Probability – L17.2 LLMS Formulation

Let us now introduce the linear least mean squares formulation.

The setting is the usual one– we have an unknown random variable and another random variable, which is our observation.

We’re given enough information so that we can, for example, calculate the joint distribution of these two random variables.

What we would like to do in the least squares methodology is to come up with an estimator, such that the mean squared error of this estimator is as small as possible.

And we have seen the general solution to this problem.

If we consider arbitrary estimators, it turns out that the best possible estimator, the best possible function g, is this particular function of the observations.

Our estimator is a conditional expectation of Theta, given X.

Now, let us look at an example that we considered earlier.

Suppose that X and Theta have a joint PDF, which is uniform over this particular region.

We did consider this example and we found that the optimal estimator was a function that had this particular shape.

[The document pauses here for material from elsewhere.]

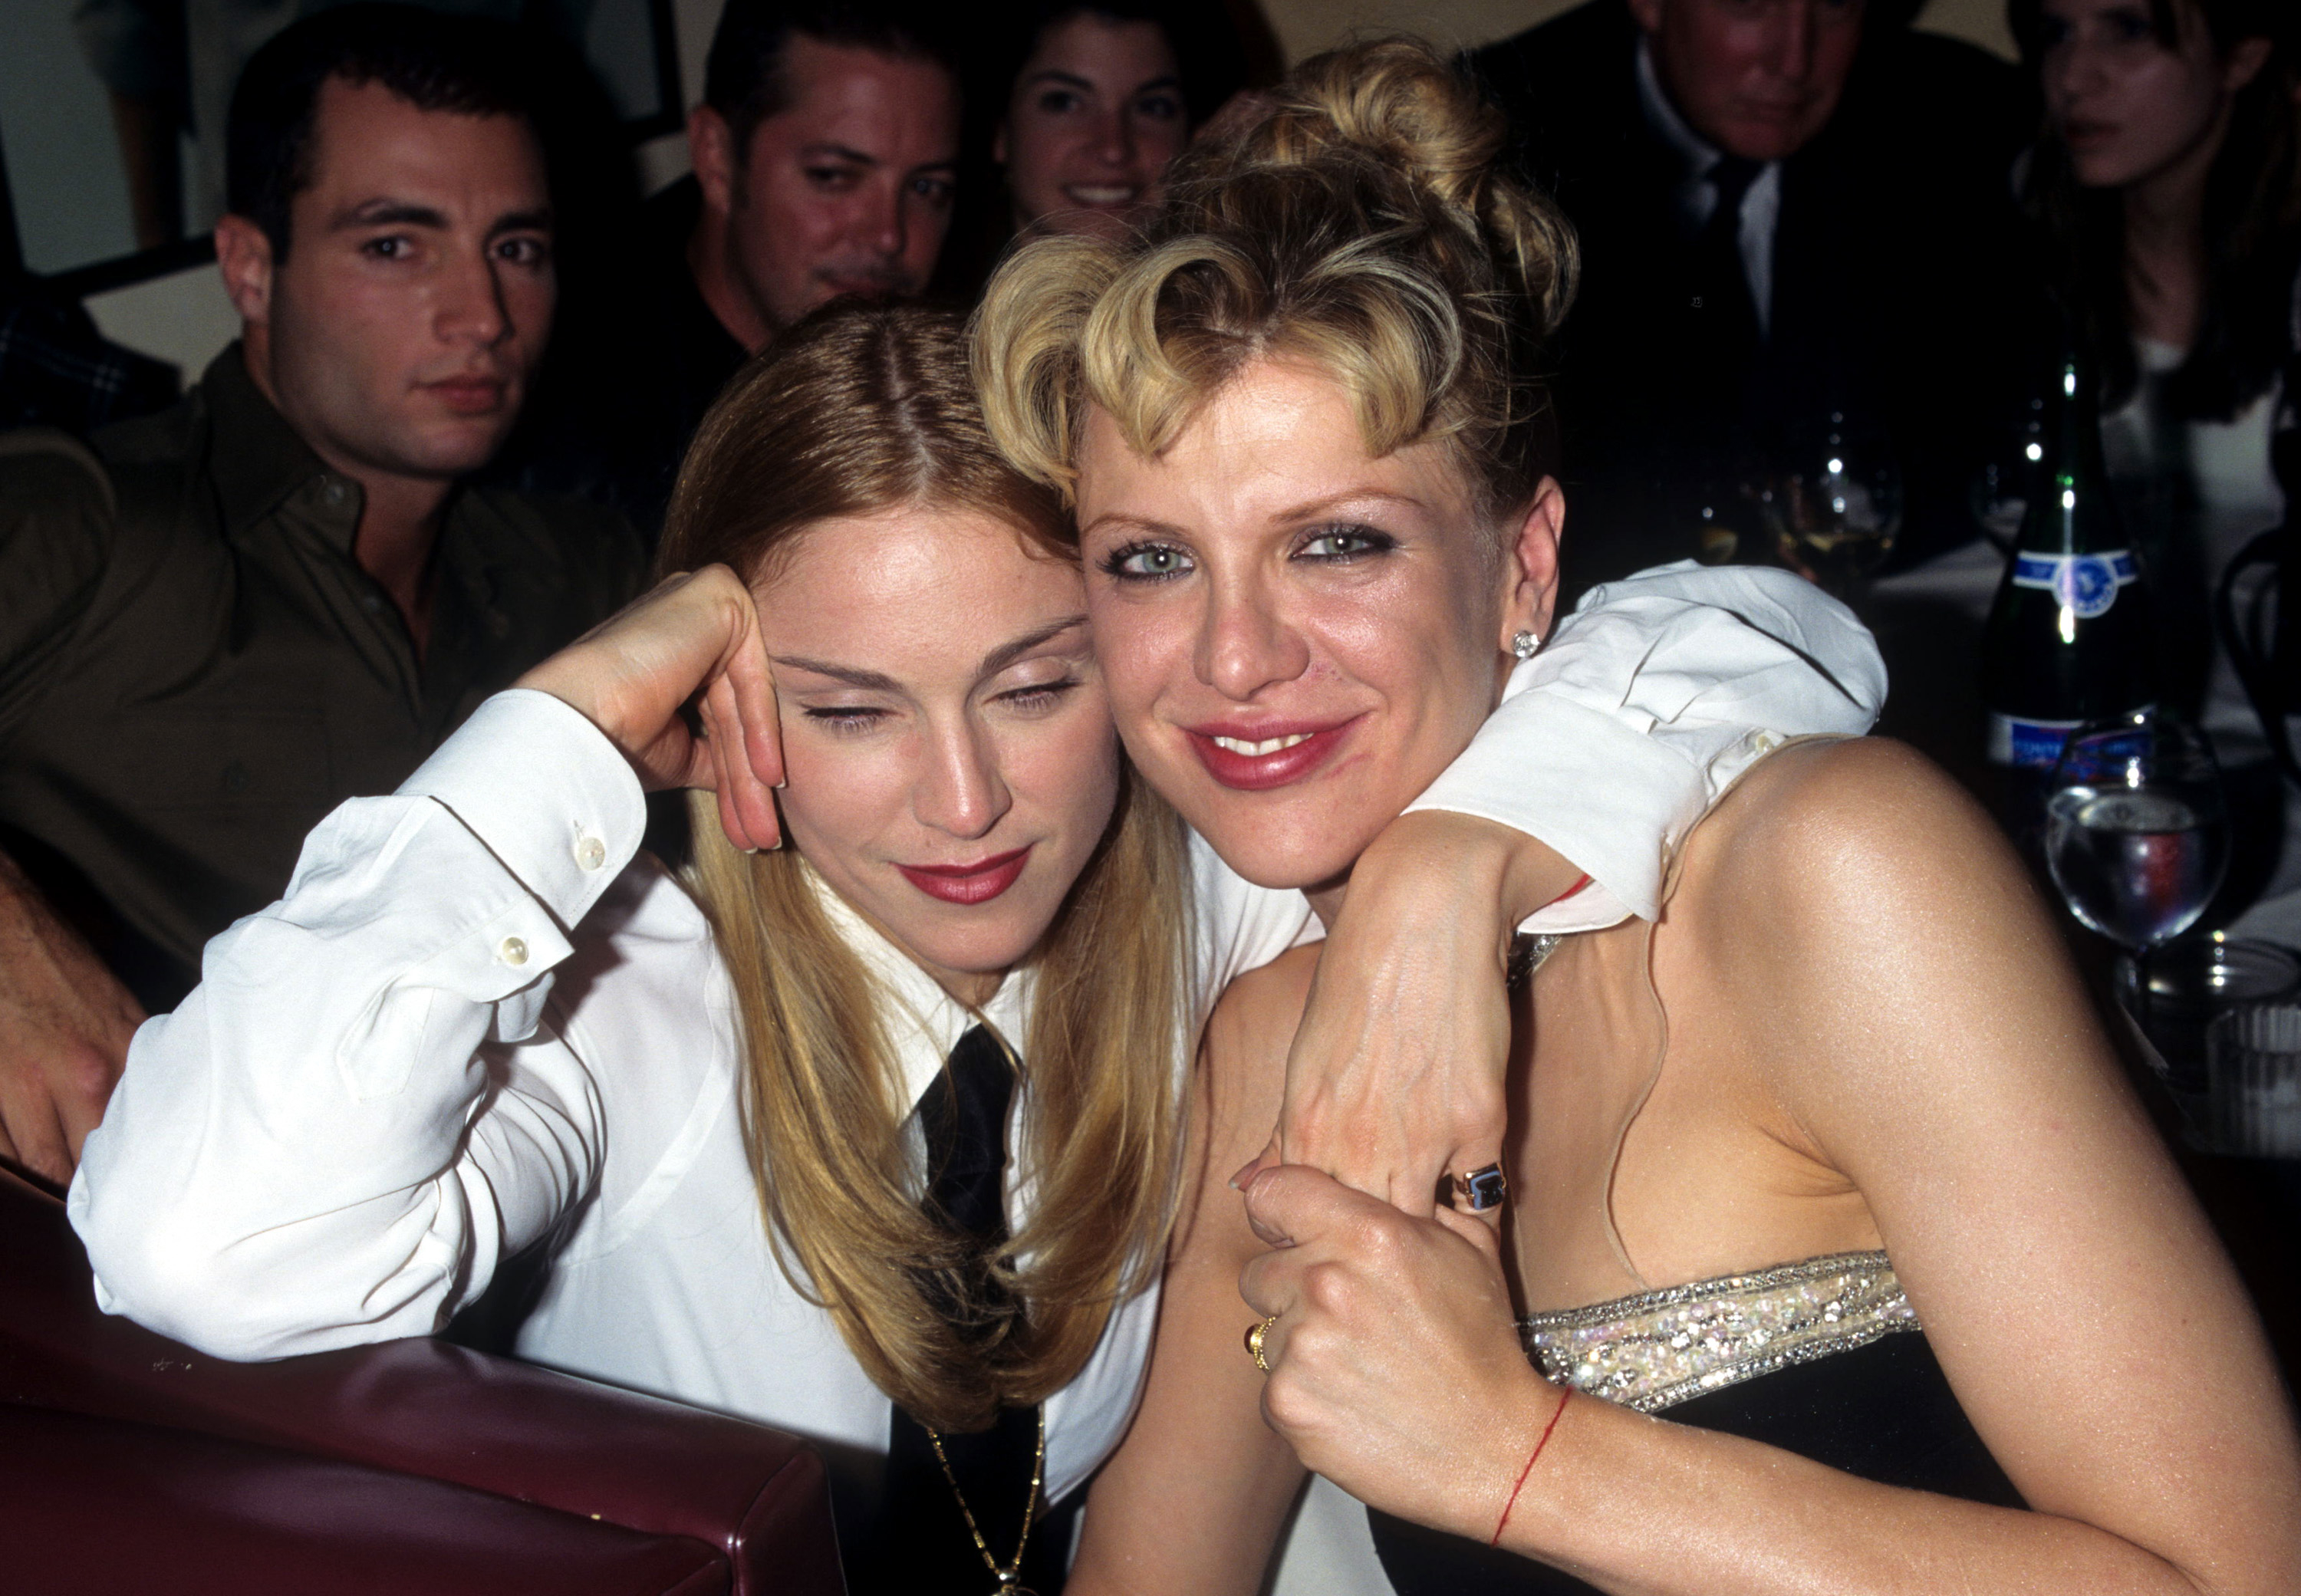 Madonna and Courtney Love with their arms around each other as they take a picture at an event

So this blue curve here corresponds to the function, which is the conditional expectation of Theta, given the value of the observation that we have obtained.

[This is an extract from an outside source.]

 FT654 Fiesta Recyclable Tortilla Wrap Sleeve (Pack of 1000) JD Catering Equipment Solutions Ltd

We notice that this function is nonlinear, but it is only mildly nonlinear.

The fact that it is nonlinear is a little bit of a nuisance.

It makes it somewhat of a complicated function.

Wouldn’t it be nicer if our estimator had turned out to be a linear function of the data, such as this one?

It would have been nicer, but, unfortunately, that’s not the case.

By what if we impose it as a constraint, that we will only look at estimators that are linear functions of the data.

What does that mean?

Mathematically speaking, it means that we will only consider estimators that depend linearly on the data X.

Now, a and b here are some parameters that are for us to choose.

If I choose a and b differently, I’m going to get a different red curve here.

Which one is the best red curve?

Well, we need a criterion.

But let us stick to our mean squared error criterion.

And in that case, we’re led to the following formulation.

We want to find choices for a and b.

That is, we want to choose a particular red line, so that the resulting estimation error, the resulting mean squared estimation error, is as small as possible.

So what we have here is a random variable.

Here is the value that’s going to be given to us by our estimator.

And we look at the associated error, square it, and take the expectation.

So this is the linear least mean squares formulation.

We’re looking for an estimator, which is a linear function of the data.

And we want to choose the best possible linear function.

How does it compare to the earlier problem of picking the best estimator?

Here we were considering an arbitrary function g and we were trying to find the best possible function of the data, which would be our estimator.

So this was really an optimization over all possible functions.

Here we only have an optimization with respect to two numbers.

So at least mathematically, this should be a simpler problem.

And we will see that it has a simple solution.

Before going on to the solution, however, let me make one comment that in some cases, the linear least squares estimation problem is relatively easy to solve.

And these are the cases where the conditional expectation turns out to be linear in the data.

This is the best possible estimator.

If it happens to be linear, it’s at least as good as any other linear estimator, so it’s also going to be the optimal linear estimator.

That is, if the optimal solution turns out to be already linear, by imposing the extra constraint of sticking to linear estimators is not going to make any difference.

But for the general case, in general, this is not going to be the case.

The conditional expectation may well turn out to be a nonlinear function of the data, as in this example.

And in those cases, the linear least mean squares estimator is going to turn out to be different.